Backdoor Attack in the Physical World
Yiming Li, Tongqing Zhai, Yong Jiang, Zhifeng Li, Shu-Tao Xia
TL;DR
The paper analyzes backdoor attacks with static triggers, showing their vulnerability to trigger location and appearance changes in the physical world. It proposes transformation-based preprocessing as a lightweight defense and introduces an attack-enhancement framework that uses randomized transformations during training to maintain effectiveness under such defenses. Experiments on CIFAR-10 with BadNets, Blended, and Consistent attacks demonstrate that ShrinkPad and Flip can substantially reduce attack success, while enhanced attacks remain robust and can even succeed in physical-world settings. The work highlights a practical arms race between backdoor robustness and defense and motivates designing trigger-robust attacks and generic defenses for real-world deployment.
Abstract
Backdoor attack intends to inject hidden backdoor into the deep neural networks (DNNs), such that the prediction of infected models will be maliciously changed if the hidden backdoor is activated by the attacker-defined trigger.
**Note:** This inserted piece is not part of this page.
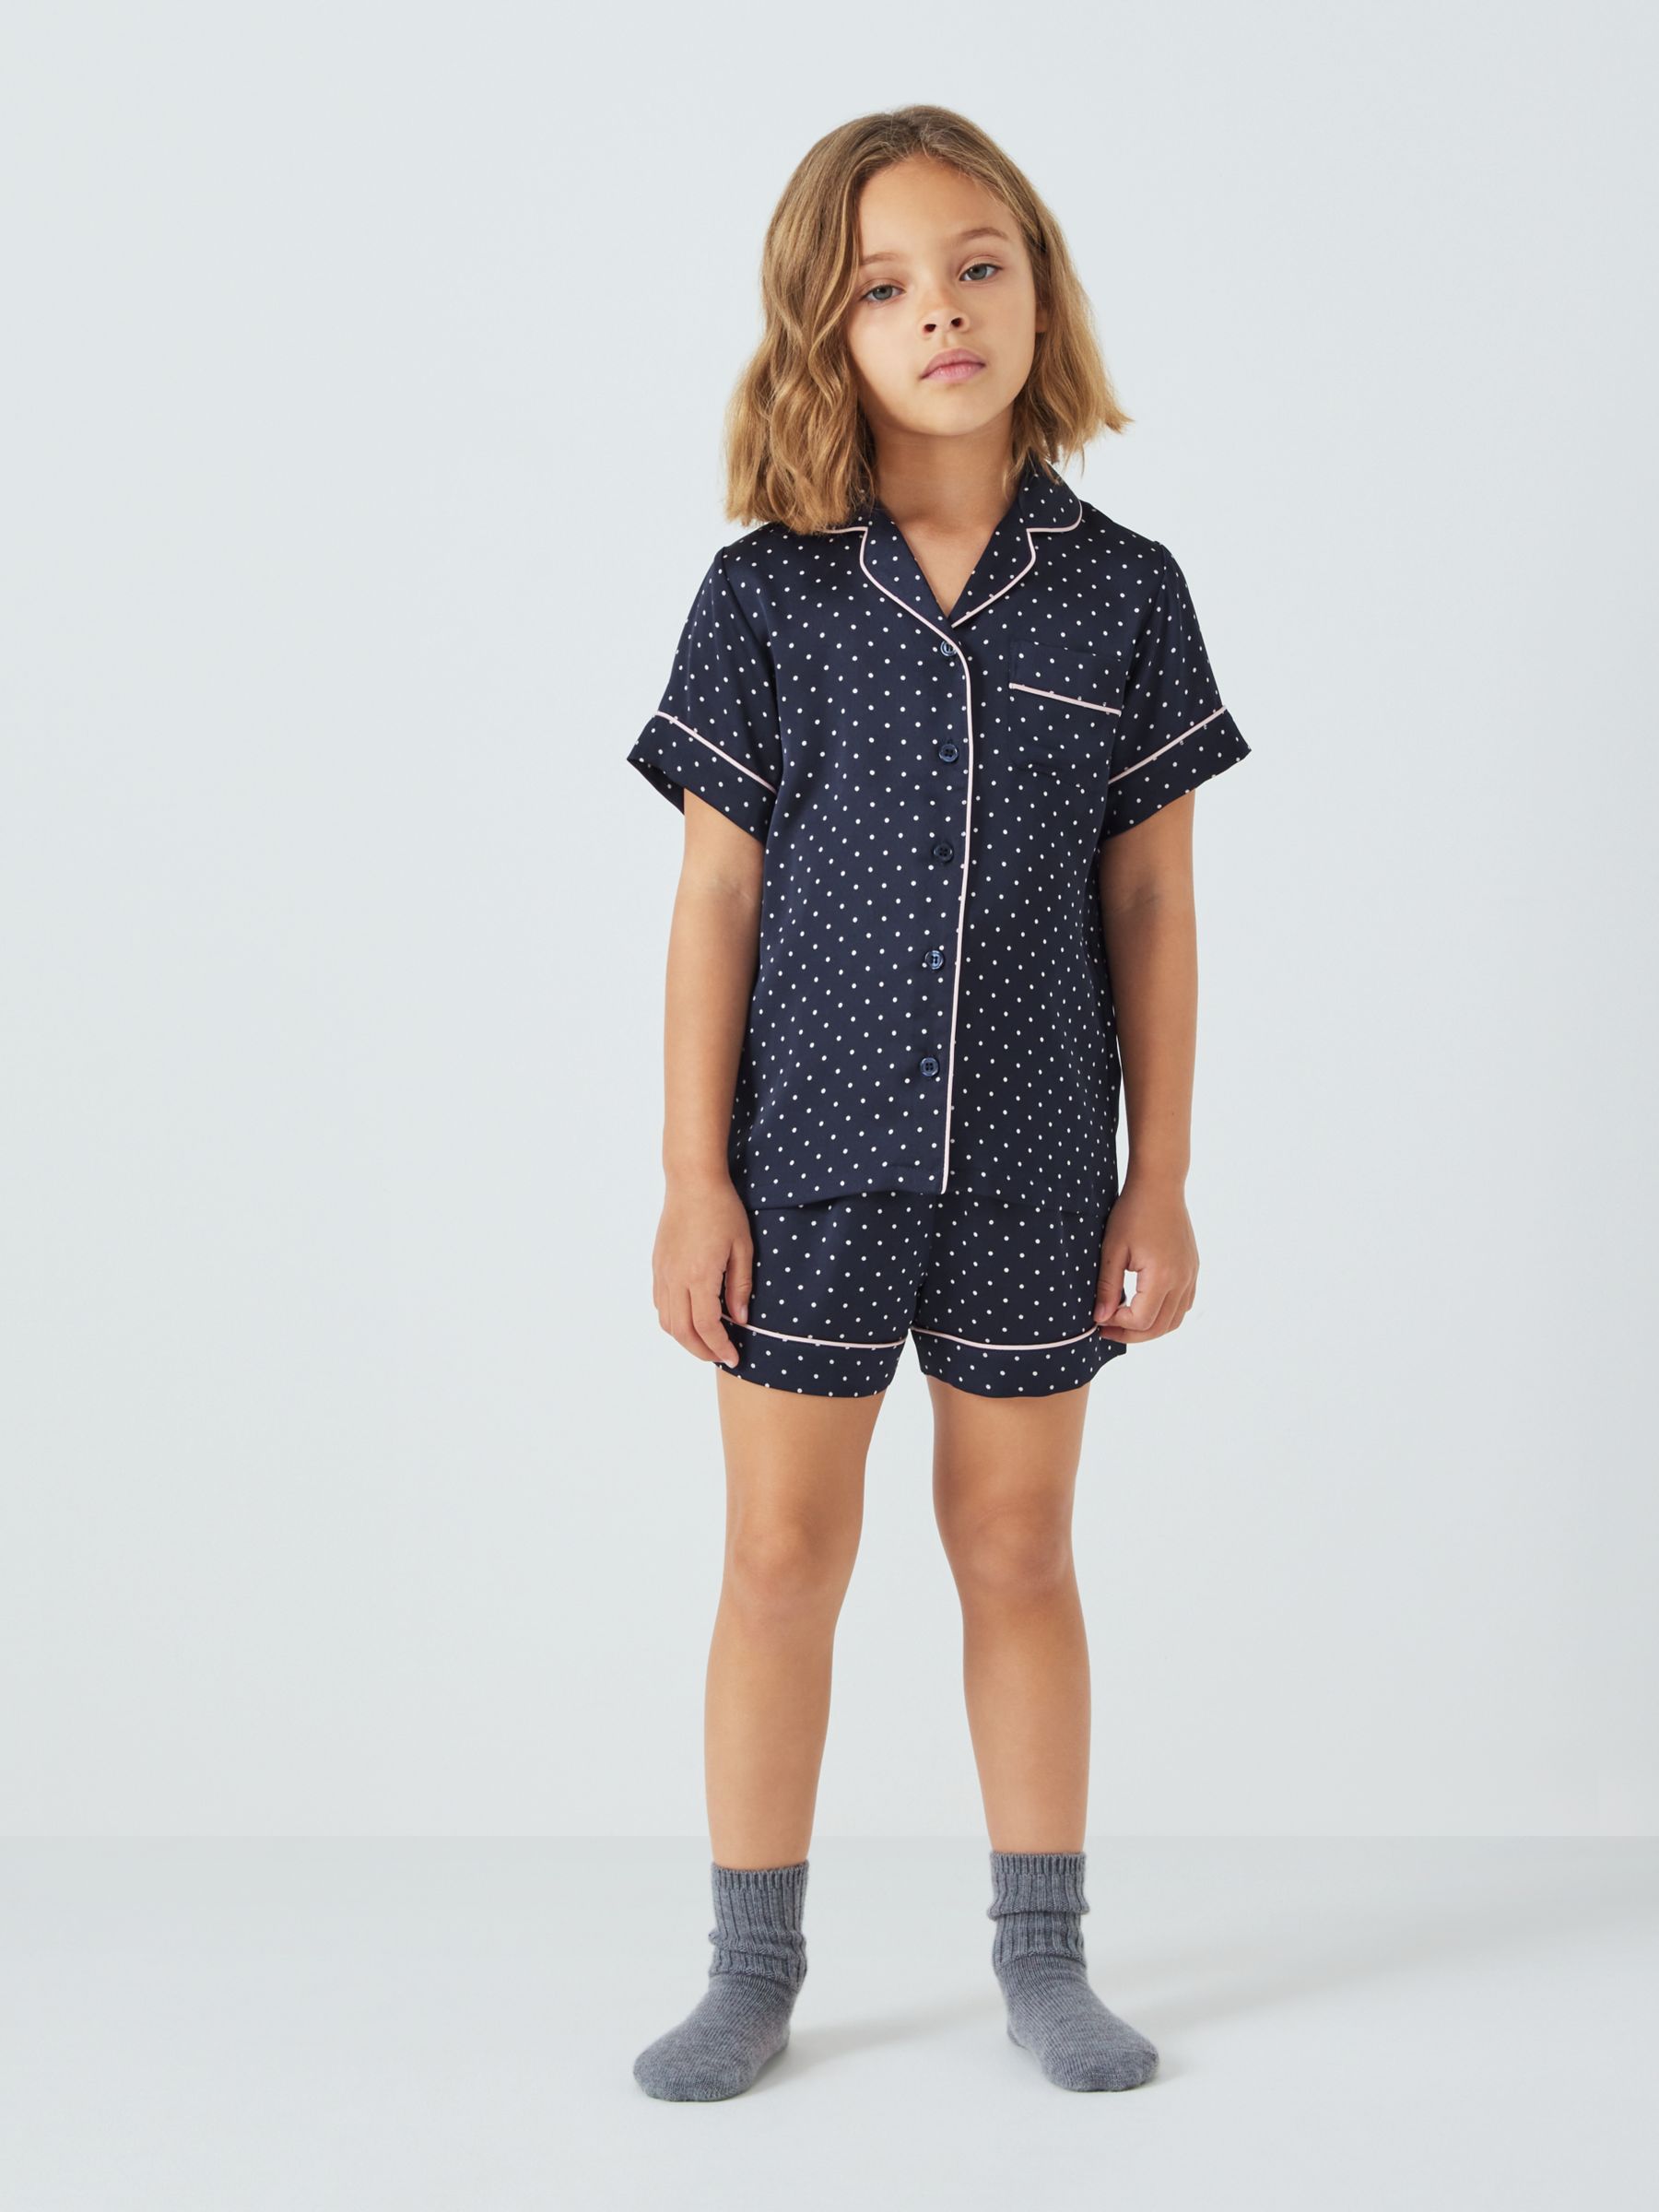 John Lewis Kids' Satin Spot Shortie Pyjamas, Navy, 5 years

Currently, most existing backdoor attacks adopted the setting of static trigger, $i.e.,$ triggers across the training and testing images follow the same appearance and are located in the same area. In this paper, we revisit this attack paradigm by analyzing trigger characteristics. We demonstrate that this attack paradigm is vulnerable when the trigger in testing images is not consistent with the one used for training. As such, those attacks are far less effective in the physical world, where the location and appearance of the trigger in the digitized image may be different from that of the one used for training. Moreover, we also discuss how to alleviate such vulnerability. We hope that this work could inspire more explorations on backdoor properties, to help the design of more advanced backdoor attack and defense methods.